In the Executioner’s Shadow examines justice, injustice, and the death penalty within the United States, which is the last country in the developed west to execute criminals. About 50% of Americans are for, and agree with there being a death penalty.
Capital punishment in the United States is currently used by 28 states, the federal government, and the military. It’s introduction to the law can be traced back to the beginning of the American colonies but there were movements within several states early on to abolish it. Three such states that did away with the death penalty during the 19th century were, Michigan (which has never executed a prisoner since achieving statehood) in 1846, Wisconsin in 1853, and Maine in 1887. Rhode Island is also a state with a long abolitionist background, having repealed the death penalty in 1852, though it was theoretically available for murder committed by a prisoner between 1872 and 1984.
This film takes a penetrating look into the true consequences that lie behind the enforcement of a death penalty and the negative impact it can have on a society as a whole. We hear three incredibly powerful stories accompanied by the rare perspective of a former state executioner, Jerry Givens. From 1978 to 1999 Givens served as the chief executioner where he performed 62 executions in those years.
Givens himself reveals how he came within days of executing someone who was later deemed to be innocent.
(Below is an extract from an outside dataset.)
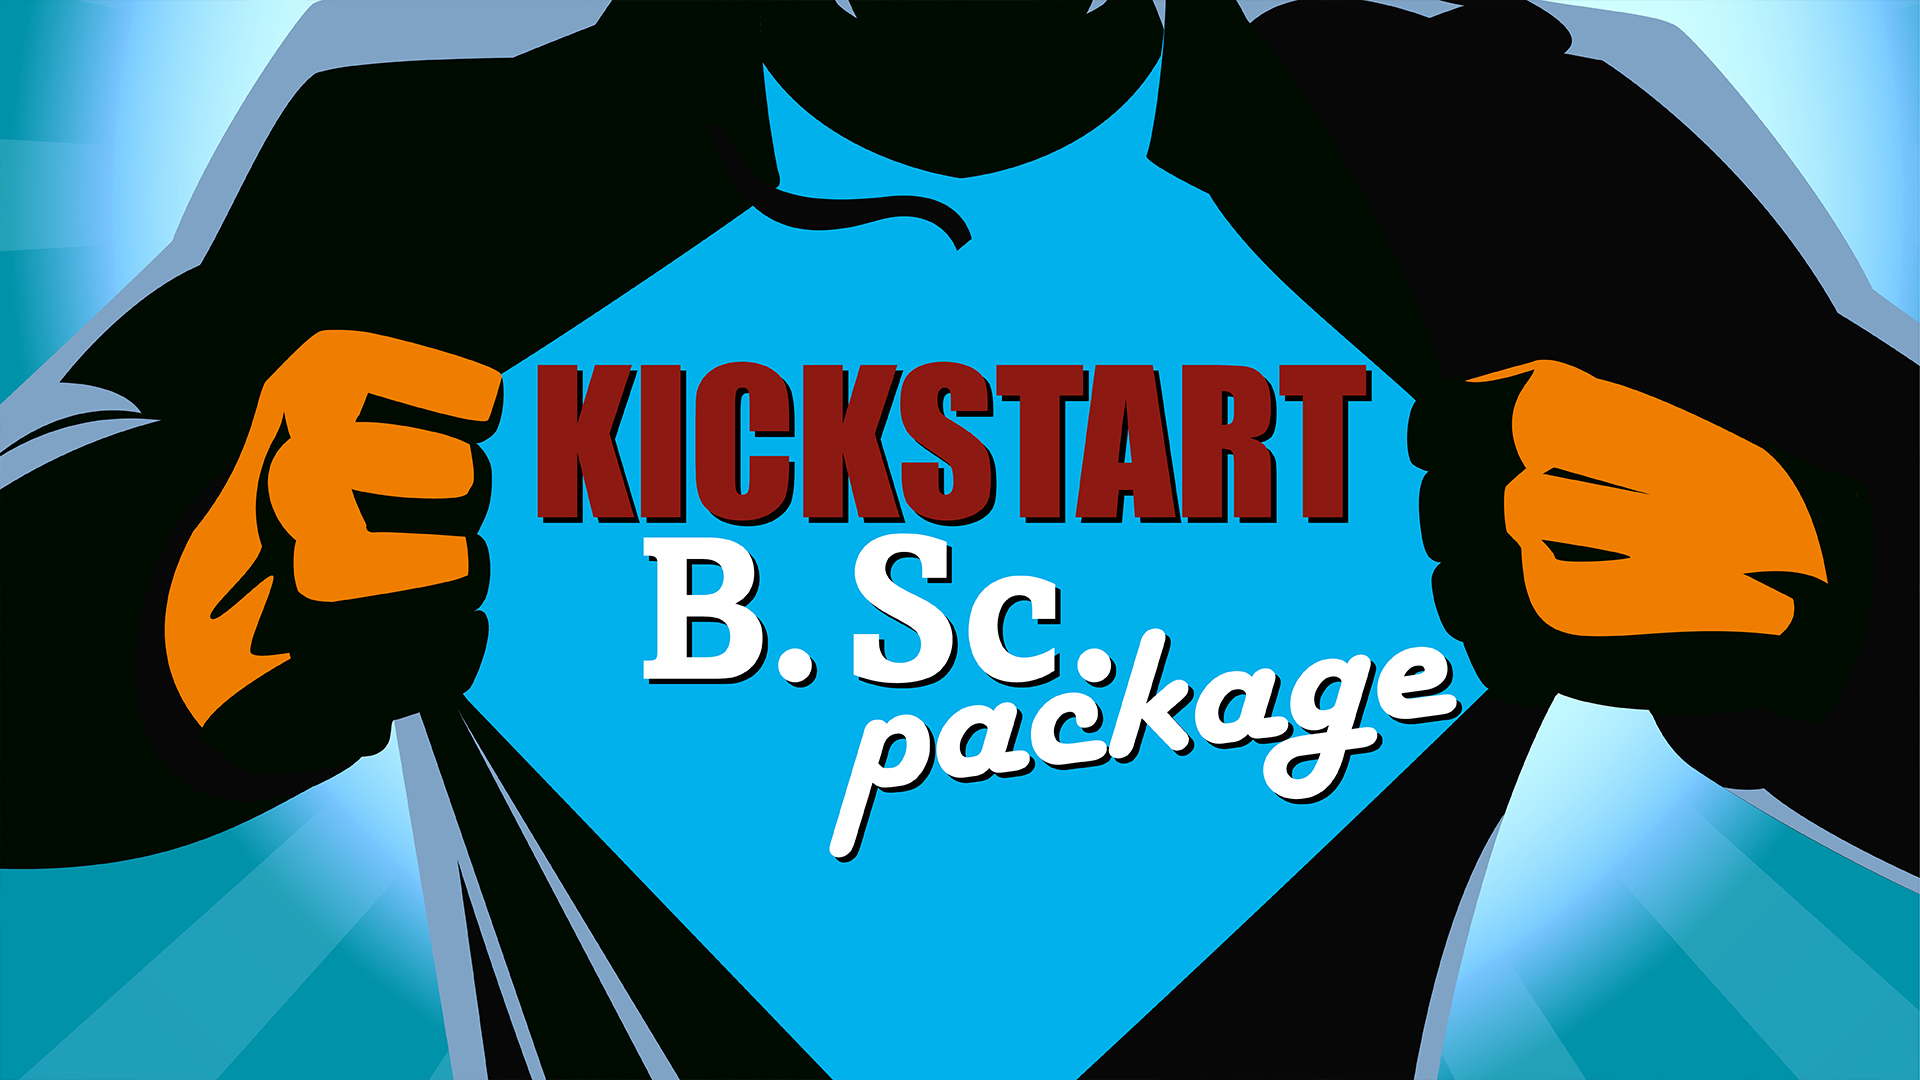 Kickstart B.Sc. Package  Berufsbegleitend studieren als
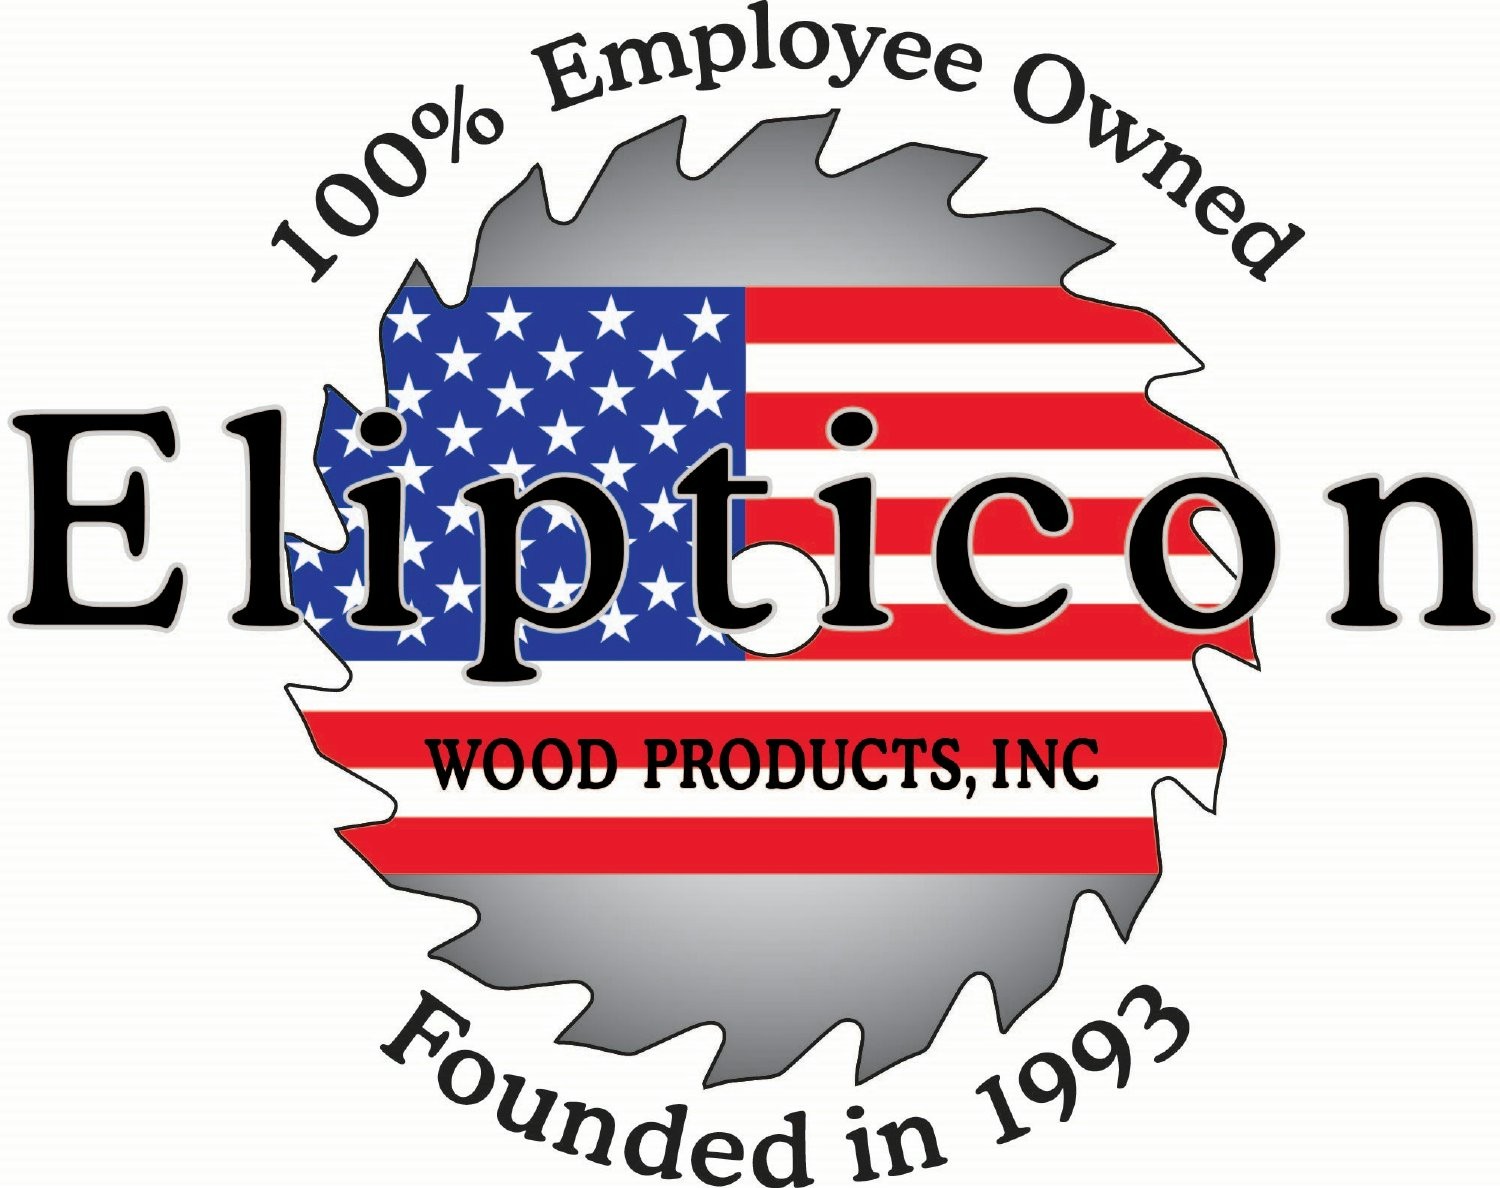 Elipticon Wood Products, Inc.

We also hear how a Boston Marathon victim struggles to decide what justice really means for them after finding no real comfort from enforcement of the death penalty; and the parents who are seeking life over death for the person who murdered their daughter.
The fight over capital punishment seems to be raging on in the United States but as things begin to heat up, this thought-provoking film challenges us the viewer to question our deepest beliefs about justice.